I have the following problem:
The task is to show that $$f^*(k) = \frac{1}{\sqrt{2\pi}} \int_{-\infty}^\infty f(k) e^{ik(x-vt)} dk$$ with $f(k) = A\cdot e^{-a|k - k_0|}$ equals $$f^*(k) = \frac{A}{\sqrt{2\pi}} \frac{2a}{(x-vt)^2 + a^2}e^{ik_0(x-vt)} $$
What I did was say $\gamma(k) := k - k_0 \Leftrightarrow k = \gamma + k_0$; $\Rightarrow d\gamma = dk$; $\gamma(\pm\infty) = \pm \infty$:
$$f(k)^* = \frac{1}{\sqrt{2\pi}} \int_{-\infty}^\infty A\cdot e^{-a|\gamma|} e^{i(\gamma +k_0)(x-vt)} d\gamma = \frac{A}{\sqrt{2\pi}} e^{ik_0(x-vt)} \int_{-\infty}^\infty e^{-a|\gamma|} e^{i\gamma(x-vt)} d\gamma$$
And that is where I am stuck at the moment. By comparing coefficients I should have to show that:
$$ \int_{-\infty}^\infty e^{-a|\gamma|} e^{i\gamma(x-vt)} d\gamma = \frac{2a}{(x-vt)^2 + a^2}$$
But how should that be possible? I've tried applying the dirac-delta-function somewhere but that did not relly work out... Have I overseen something?
Thank you very much for your help.
FunkyPeanut
You can use the identity that $$\int e^{kx}dx=\frac{1}{k}e^{kx}+C$$ for complex constants $k$ and $C$.

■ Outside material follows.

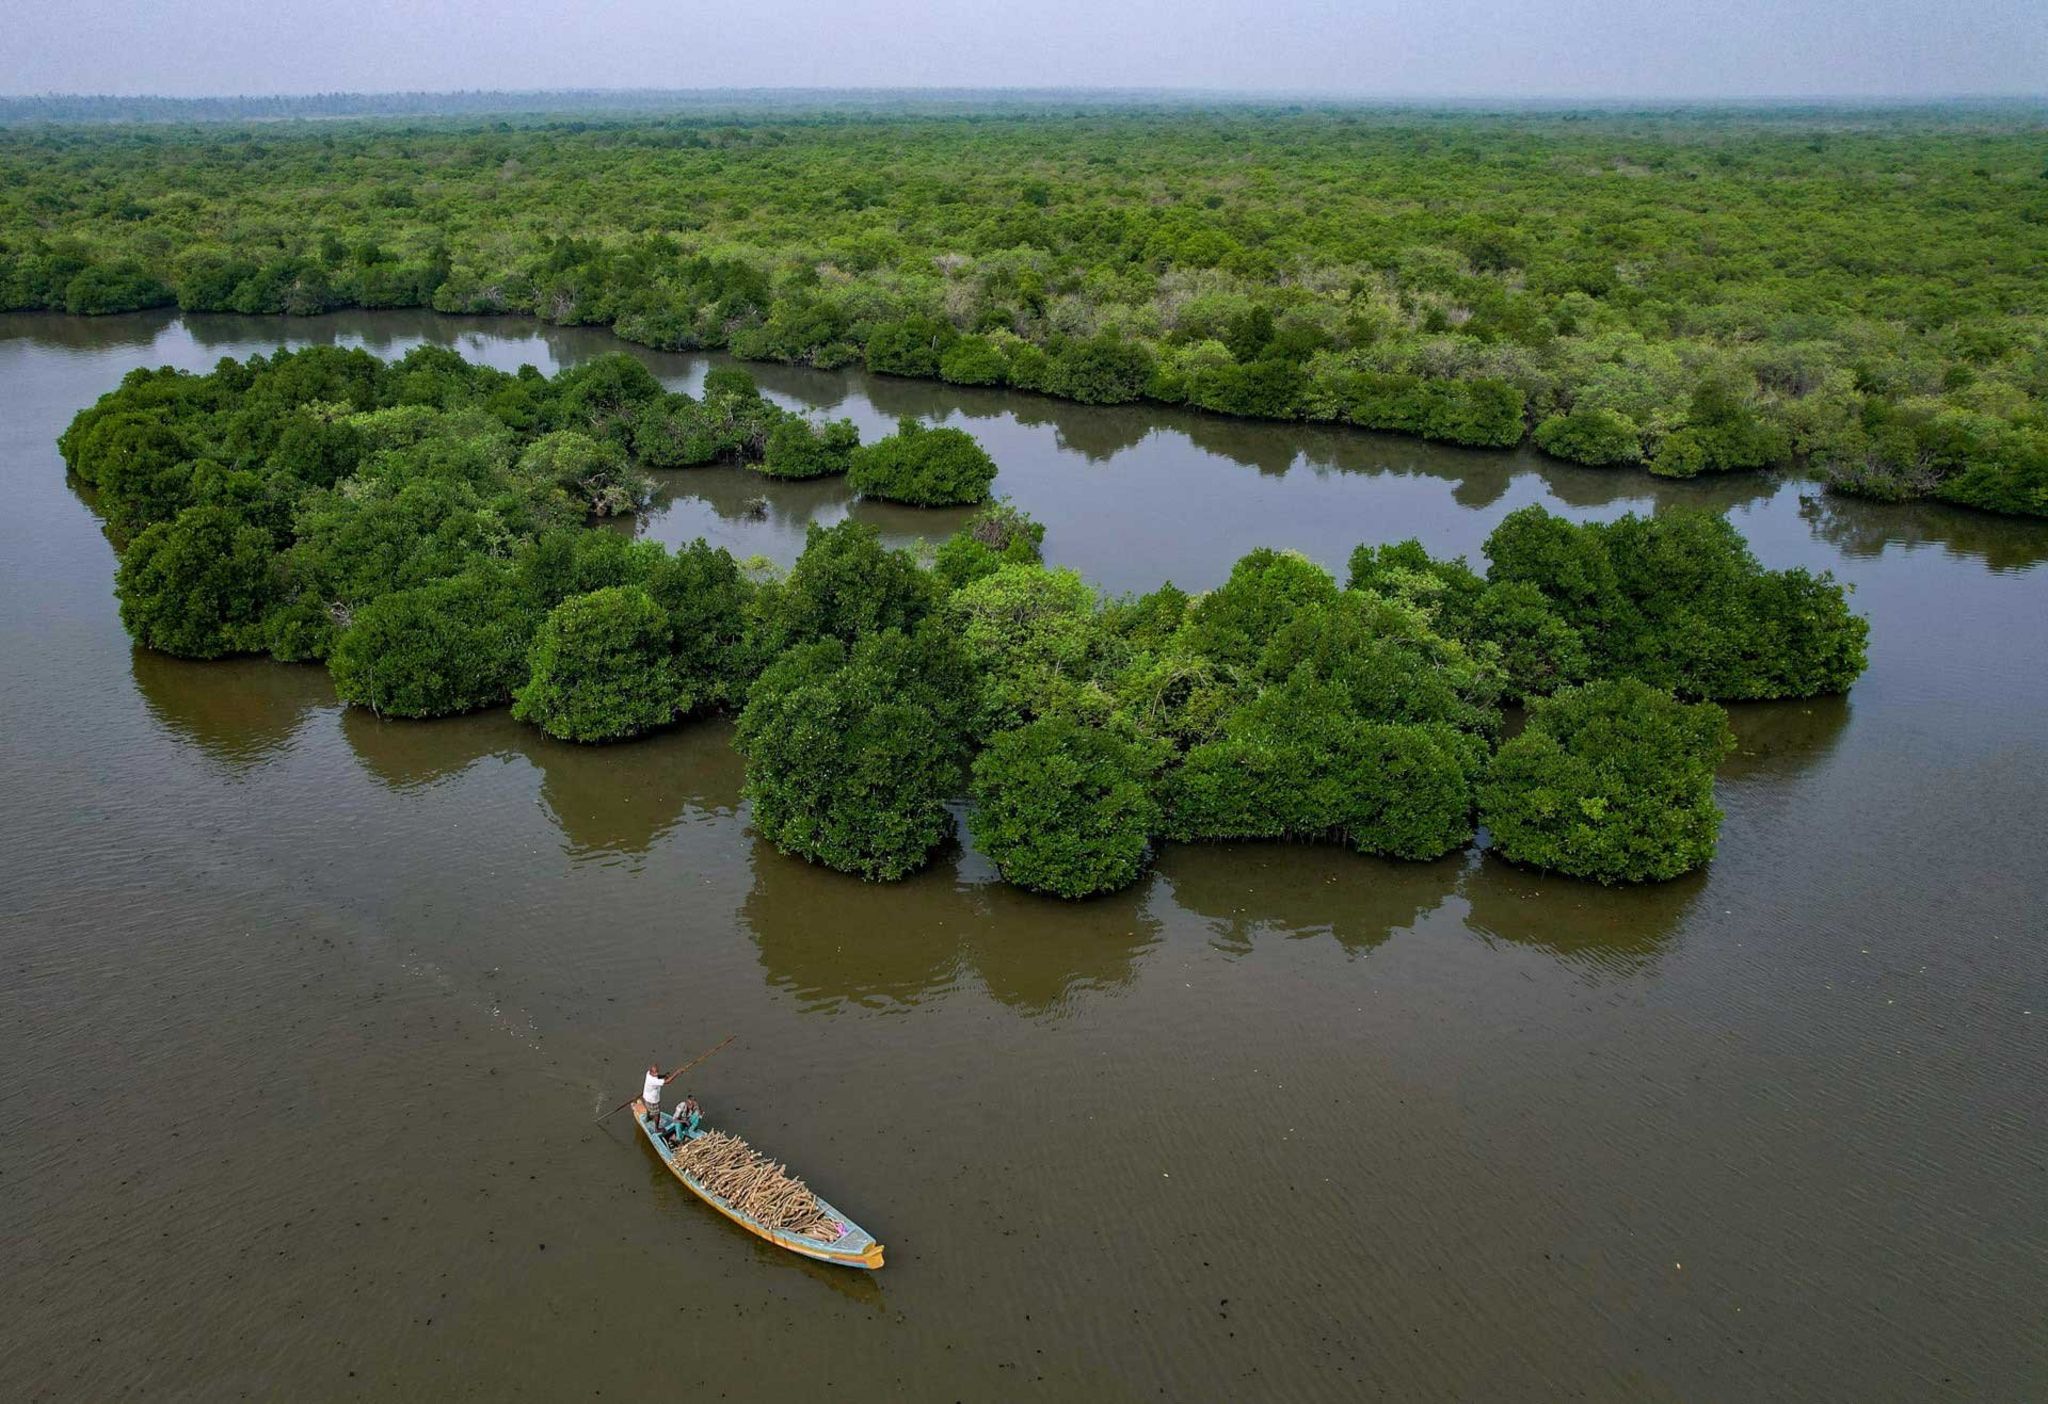 A small boat carrying timber collected from the mangrove forests flanking the canal leaves for the nearby coastal village.

Thus the last integral can be evaluated as follows:- $$\int_{-\infty}^\infty e^{-a|\gamma|} e^{i\gamma(x-vt)} d\gamma = \int_{-\infty}^0 e^{a\gamma} e^{i\gamma(x-vt)} d\gamma+\int_{0}^\infty e^{-a\gamma} e^{i\gamma(x-vt)} d\gamma\\=\int_{-\infty}^0 e^{\gamma [i(x-vt)+a]} d\gamma+\int_{0}^\infty e^{\gamma [i(x-vt)-a]} d\gamma\\=\frac{1}{i(x-vt)+a}[e^{\gamma [i(x-vt)+a]}]_{-\infty}^0+\frac{1}{i(x-vt)-a}[e^{\gamma [i(x-vt)-a]}]_{0}^\infty\\=\frac{1}{i(x-vt)+a}-\frac{1}{i(x-vt)-a}\\=\frac{-2a}{-[a-i(x-vt)][a+i(x-vt)]}\\=\frac{2a}{(x-vt)^2+a^2}$$